Слово за слово, разговорились. Он присел за
мой стол и вскоре уже рассказывал историю своей жизни, довольно необычную.
Звать его Лев Николаевич, и по всему видно, что человечек славный, мухи не
обидит и ни о ком дурного не скажет. Я сам-то, как вы знаете, не таков и
постников не люблю, но этот самый Лев Николаевич меня чем-то расположил.

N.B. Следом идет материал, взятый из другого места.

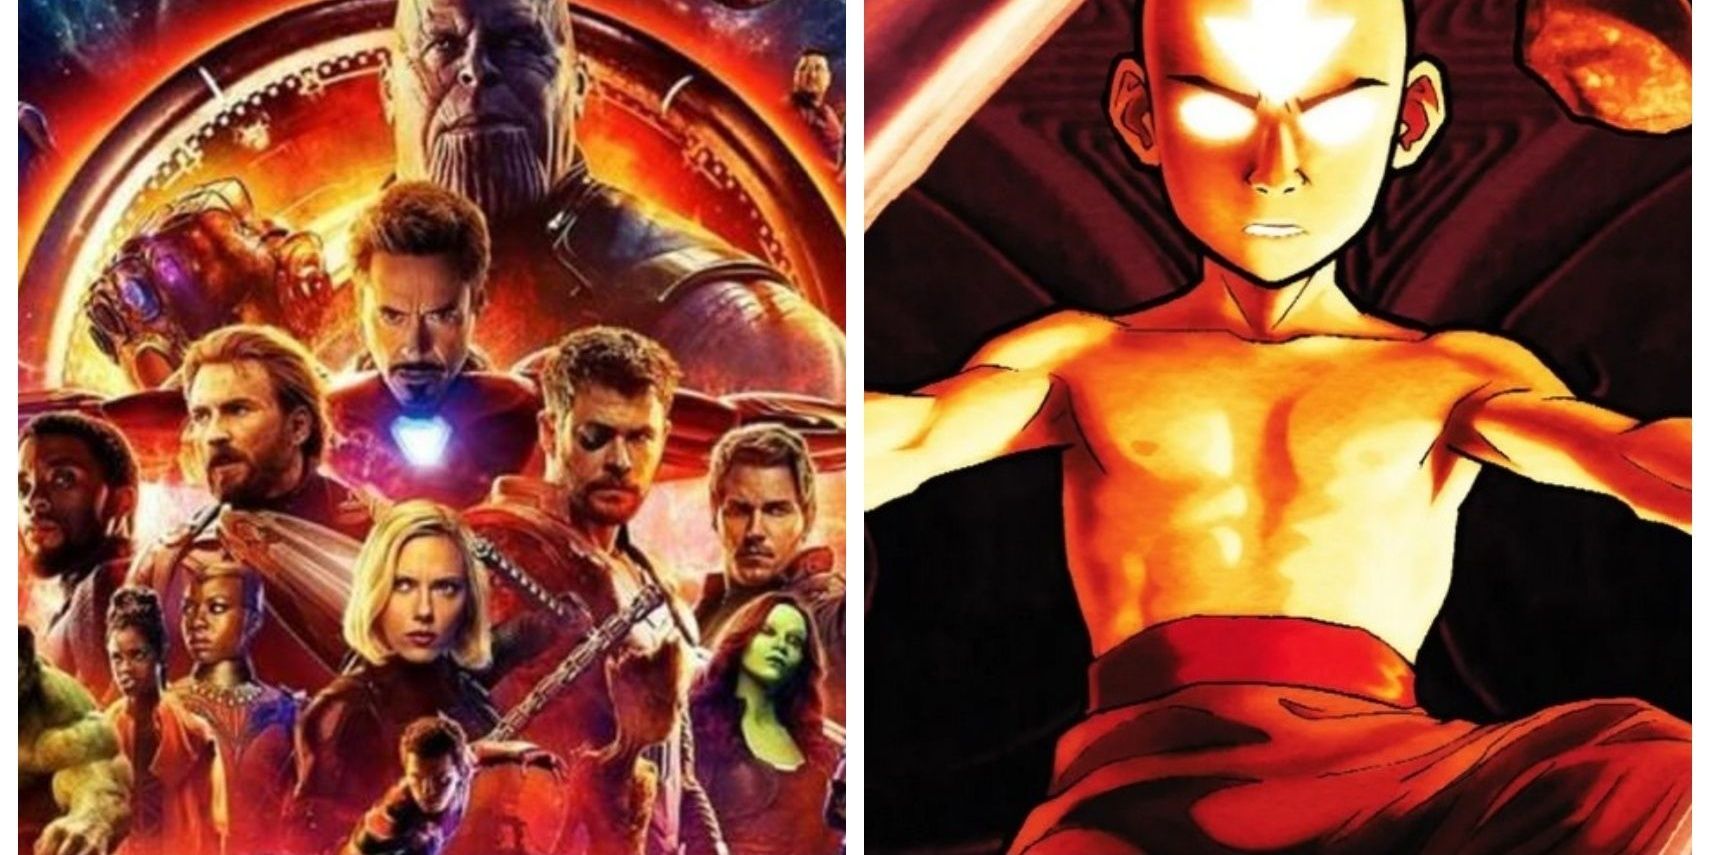 Endgame from MCU split with Aang from ATLA in the Avatar State

Он сразу и честно признался, что прежде жил в
коровинской больнице, куда был привезен из Санкт-Петербурга в тяжелейшем, почти
невменяемом состоянии после каких-то ужасных потрясений, воспоминания о которых
полностью истерлись из его памяти. Доктор говорит, что так оно и к лучшему,
нечего старое ворошить, а надобно строить жизнь заново. Теперь Лев Николаевич
совсем выздоровел, но уезжать с Ханаана не хочет. И к Коровину привязался, и
мира боится. Так и сказал: “Мира боюсь – не подломил бы опять. А здесь тихо,
покойно, Божья красота и все люди очень хорошие. Чтоб на большой земле жить,
нужно силу иметь – такую силу, с которой можно всю тяжесть мира на себя принять
и не согнуться. Велик тот, кто может повторить за Иисусом: “Иго мое благо, и
бремя мое легко есть”. Но сказано ведь и так: “Не должно возлагать на слабого
бремена неудобоносимые”. Я слаб, мне лучше жить на острове”. Он вообще типаж
оригинальный, этот бывший петербуржец. Вот бы вам с ним потолковать, вы бы друг
другу понравились. А рассказываю я вам про Льва Николаевича потому, что “Бесы”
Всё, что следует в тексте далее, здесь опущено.